The rose petals have been strewn around the bedroom. The champagne is chilled, and the candles are lit. Now all that’s needed is your beloved…and a joint, if you happen to be among the many people out there who use cannabis to improve sex. Approximately 1 in 4 Americans and Canadians do just that, according to Civilized’s Cannabis Culture Poll.
We recently teamed up with PSB Research and Burson Cohn Wolf to survey 1,000 American and over 600 Canadian adults about cannabis, including what effects they’re looking to achieve when they smoke, vape or munch a little cannabis. Here’s what we found out.
Roughly 23 percent of American consumers and 25% of Canadians say they try to achieve sexual excitement. (It’s worth noting that the same percentage use cannabis to achieve more energy…) Those stats fly in the face of theories about ‘weed dick’ while also confirming the usefulness of products like weed-infused lube.

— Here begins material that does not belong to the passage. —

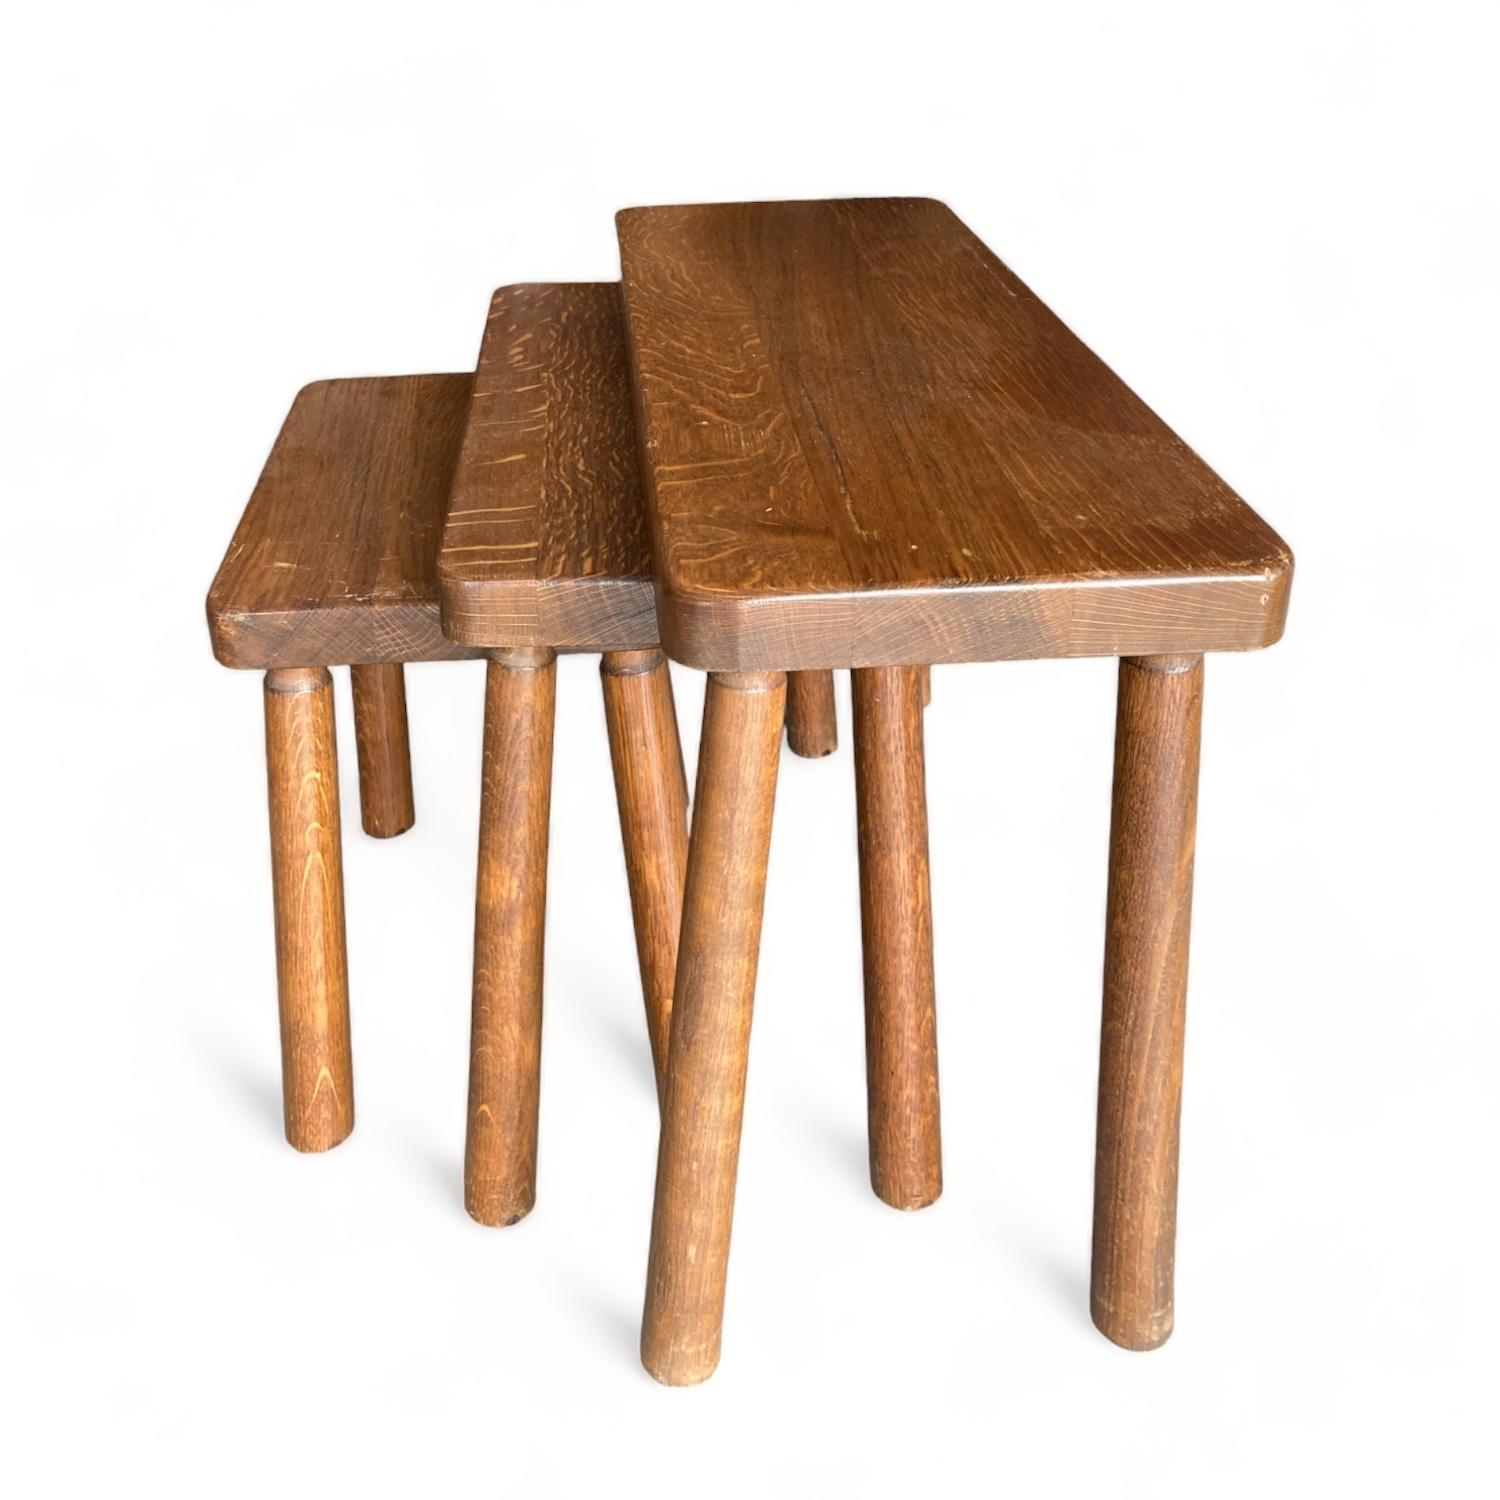 This is a set of 3 exceptionally well-made oak side table. Ideal in a Danish Modern esthetic or mid century modern. These nesting tables would be great as end tables as well as console/lamp table.

Other desired effects that could be useful in the bedroom include improved focus (popular among 28 percent of Americans and 30 percent of Canadians), thoughtfulness (25 percent of Americans and 24 percent of Canadians) and connection (17 percent of Americans and 21 percent of Canadians – how polite!).
But people are looking for more than just improvements to their boudoir skills. Three of the most desired effects of cannabis were relaxation (69 percent of Americans and 77 percent of Canadians), anxiety relief (62 percent of both American and Canadian consumers) and mellowness (56 percent of Canadians and Americans). This is exactly why cannabis has become such a popular complement to nature walks, yoga and more.
Other desired effects included hunger and appetite (25 percent of Americans and 28 percent of Canadians), sleepiness (33 percent of Americans and 46 percent of Canadians) and, of course, the giggles (33 percent of Americans and 36 percent of Canadians).
So what does this all mean? It seems like there are as many reasons for consuming cannabis as there are types of cannabis to consume. The benefits of medical and recreational cannabis are apparent, and people are trying their best to use it to improve and balance their lifestyles.
Of course, we should also mention that 1 percent of Canadian and American consumers said they were looking for “other” effects than the ones listed on our survey. We can only imagine…
The Cannabis Culture Poll is an annual study commissioned by Civilized in partnership with PSB Research and Burson Cohn & Wolfe. In March 2019, the poll surveyed 1,602 adults from coast-to-coast in the U.S. and Canada. The research groups, consisting of both cannabis consumers and non-users, were asked a variety of questions about their views about cannabis as well behaviors, habits, and personal experiences.